Assignment ▸ Write out word for word the lines from the one holding "The set is comprised" through the end of the data, and only those lines. Pictures stay out.

Collected data ▸
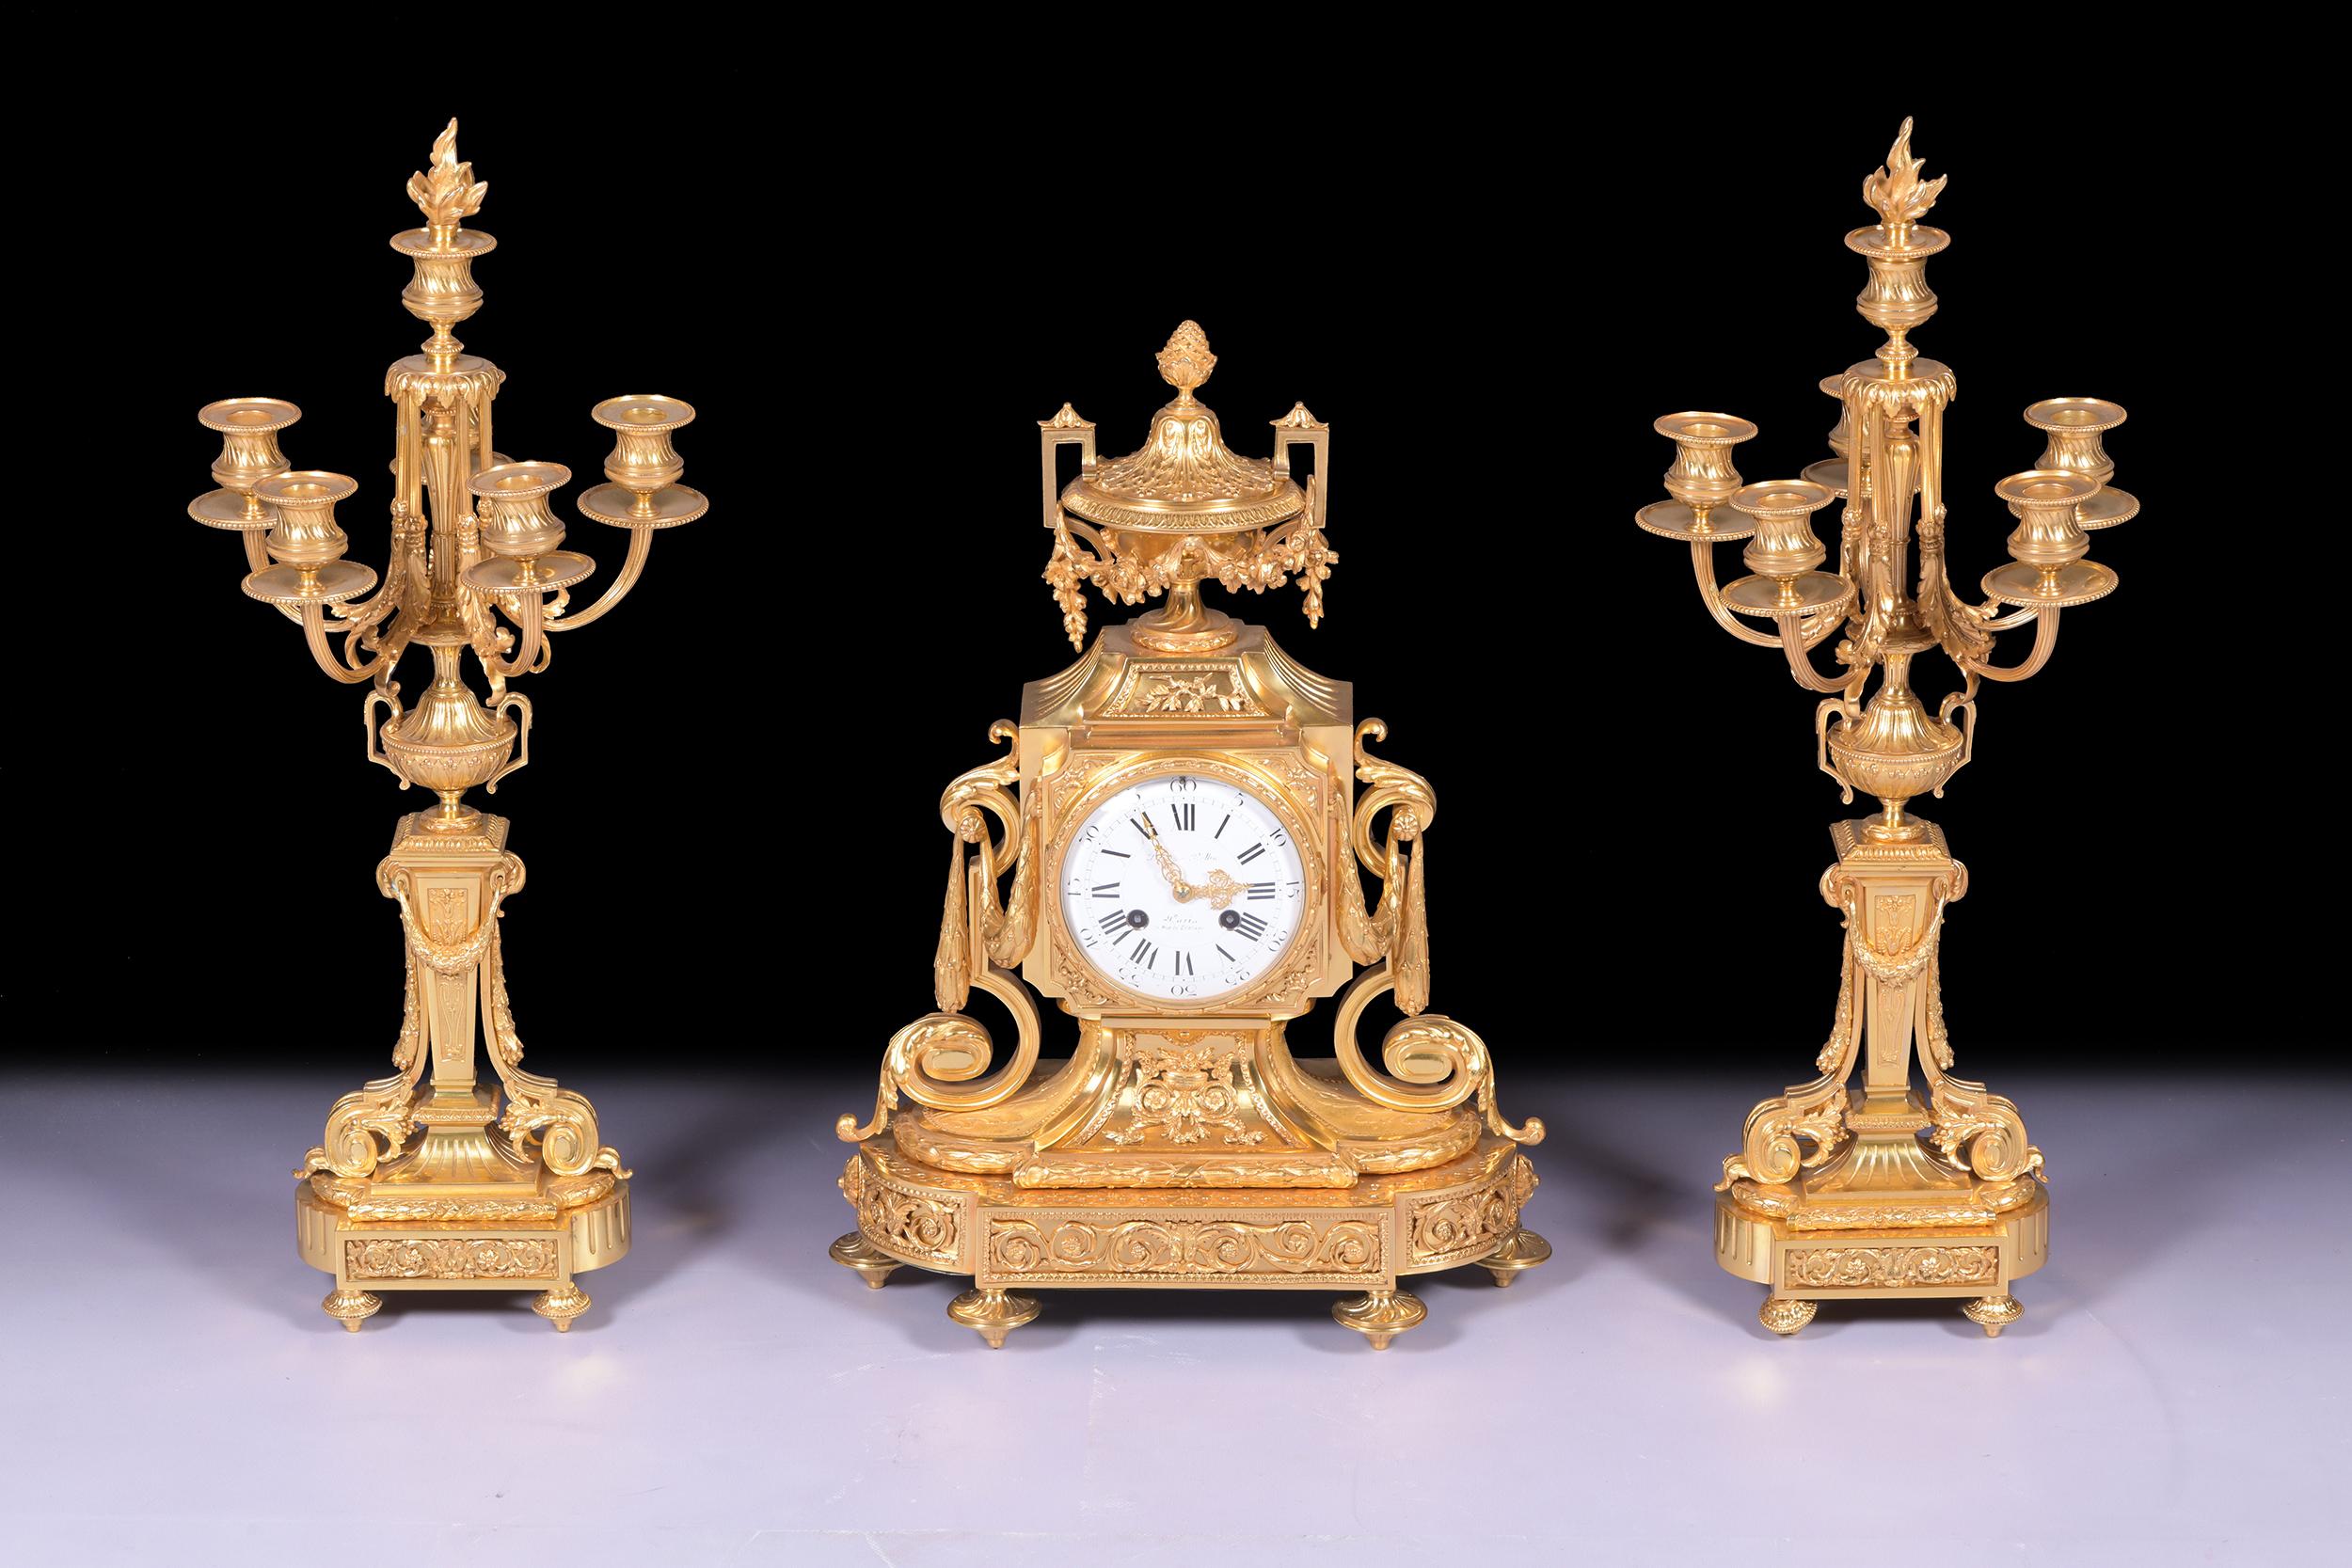 An exceptional quality three-piece clock set designed in a grand neoclassical style by 'Domange Rollin Rue de Bretagne Paris'. France.

The set is comprised of a central clock and two flanking candelabra. The clock features a circular white enamel
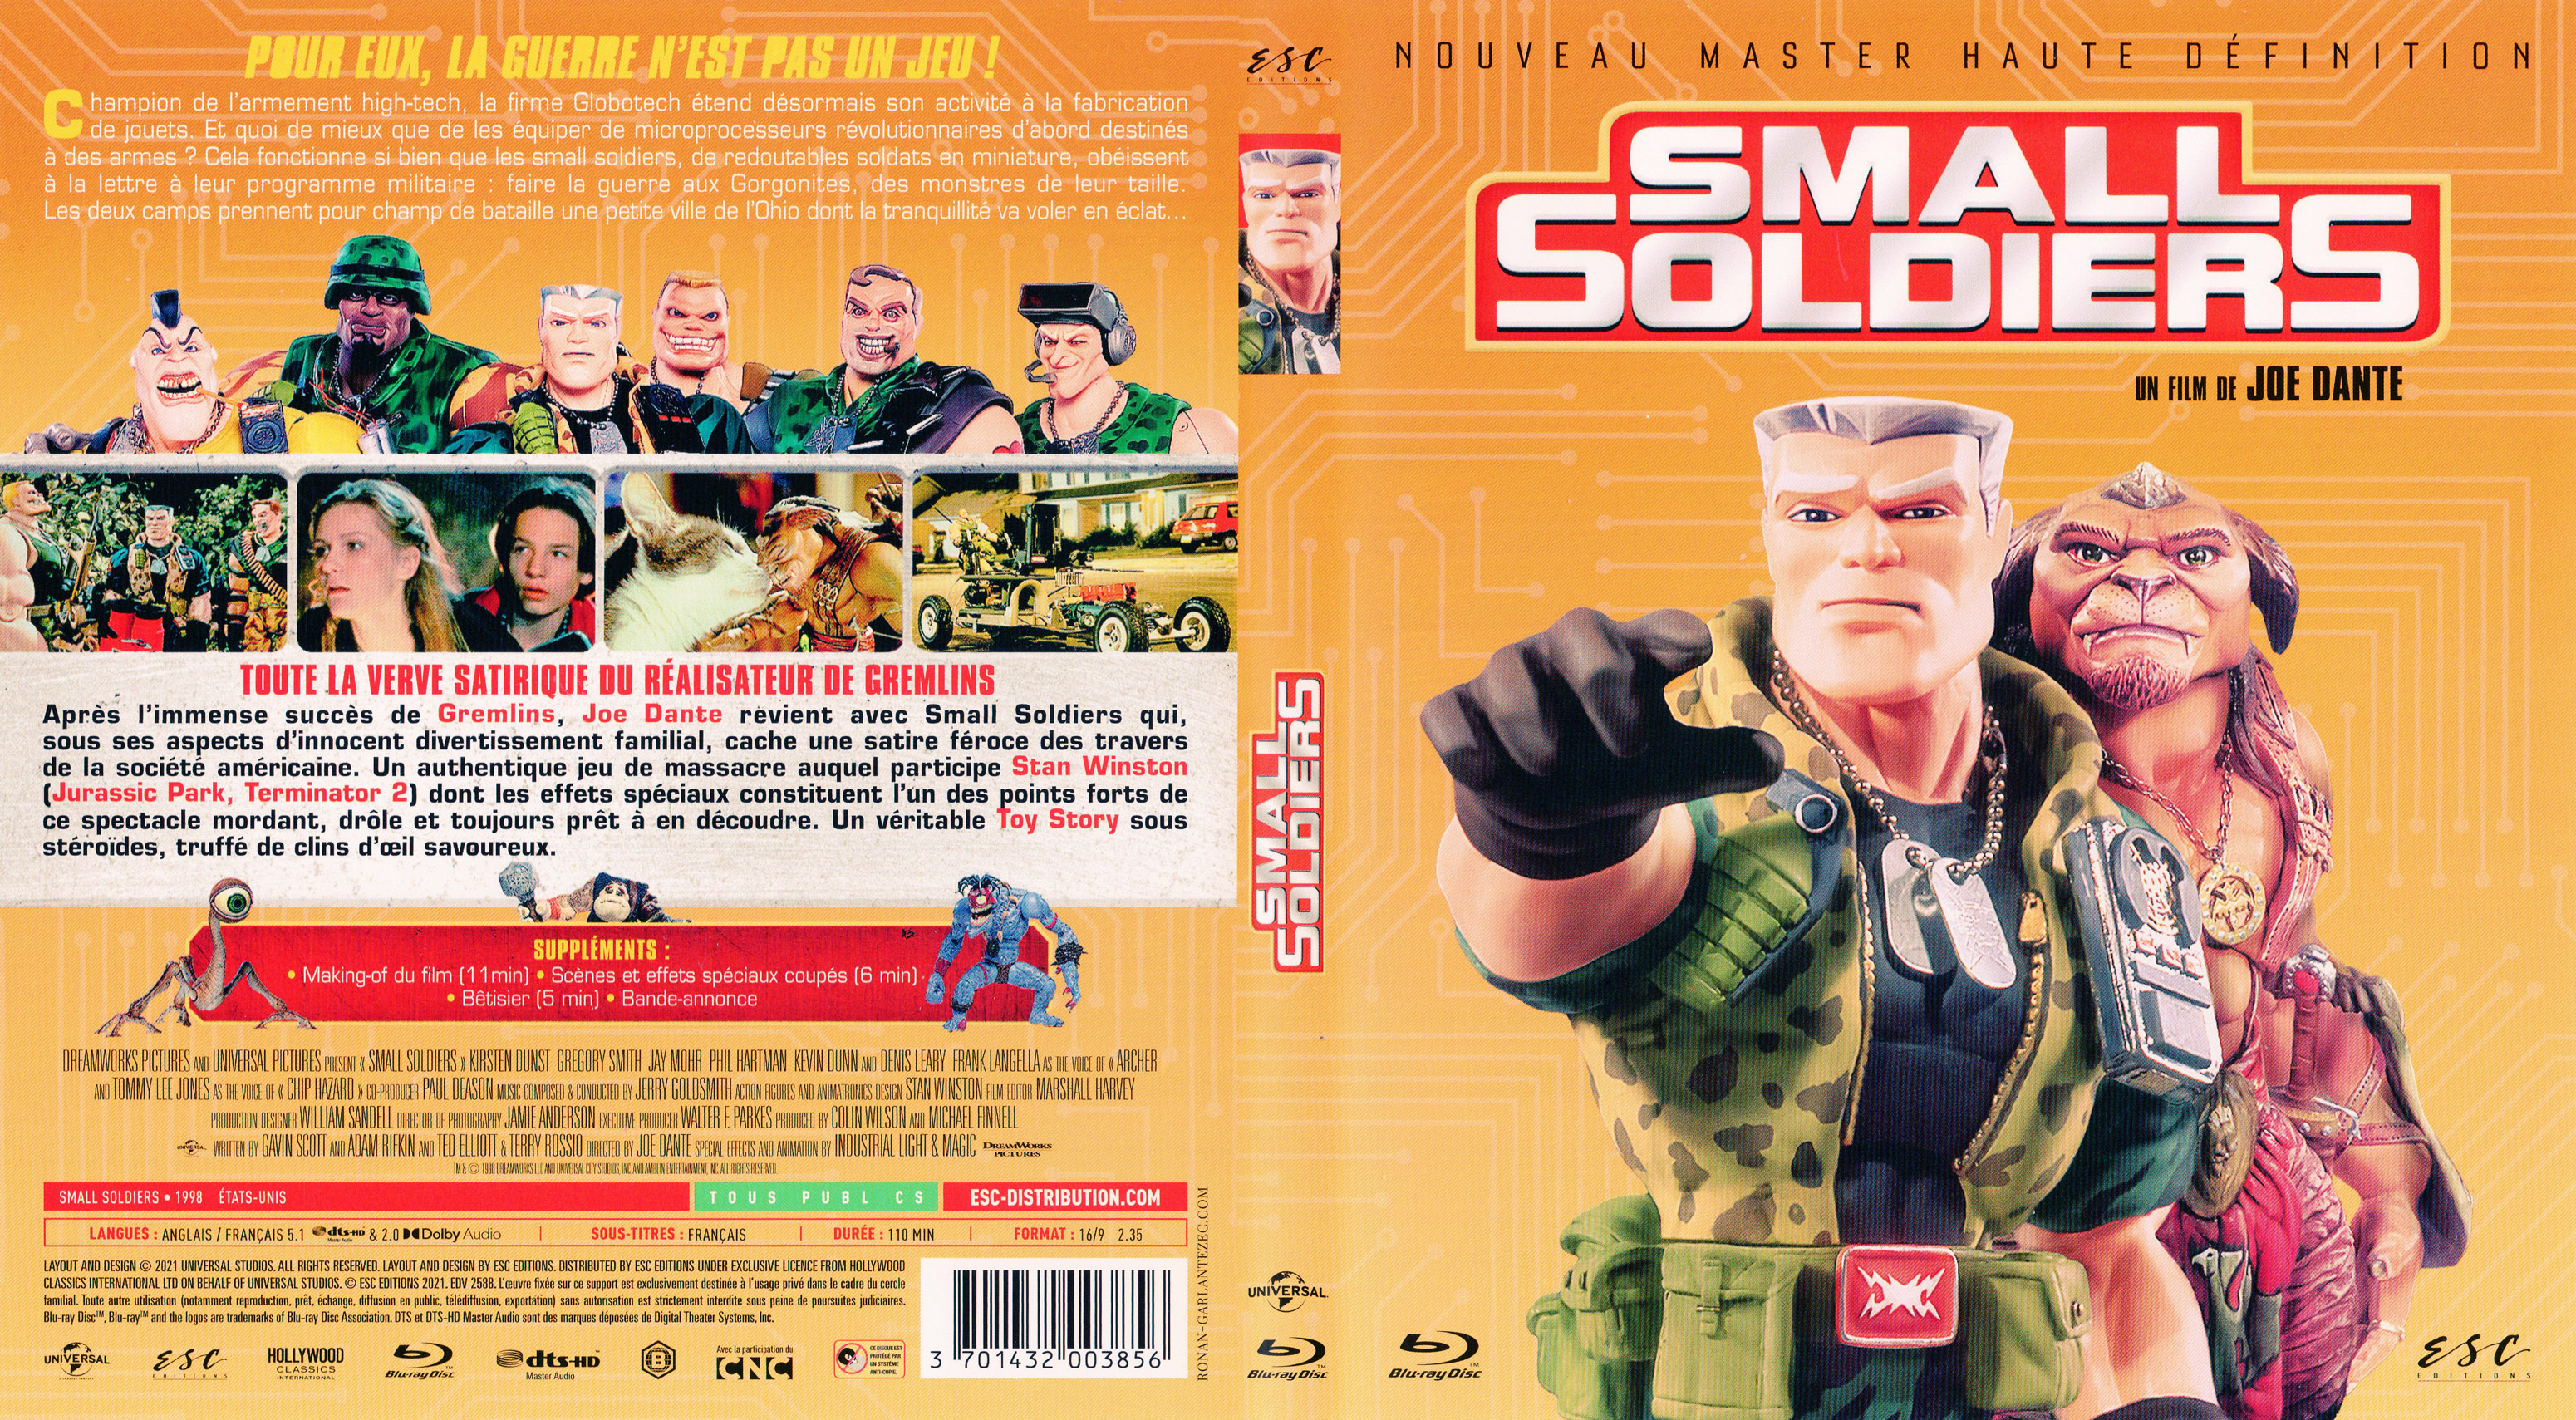 Jaquette DVD Small soldiers (BLU-RAY)

Written answer ▸
The set is comprised of a central clock and two flanking candelabra. The clock features a circular white enamel
 Jaquette DVD Small soldiers (BLU-RAY)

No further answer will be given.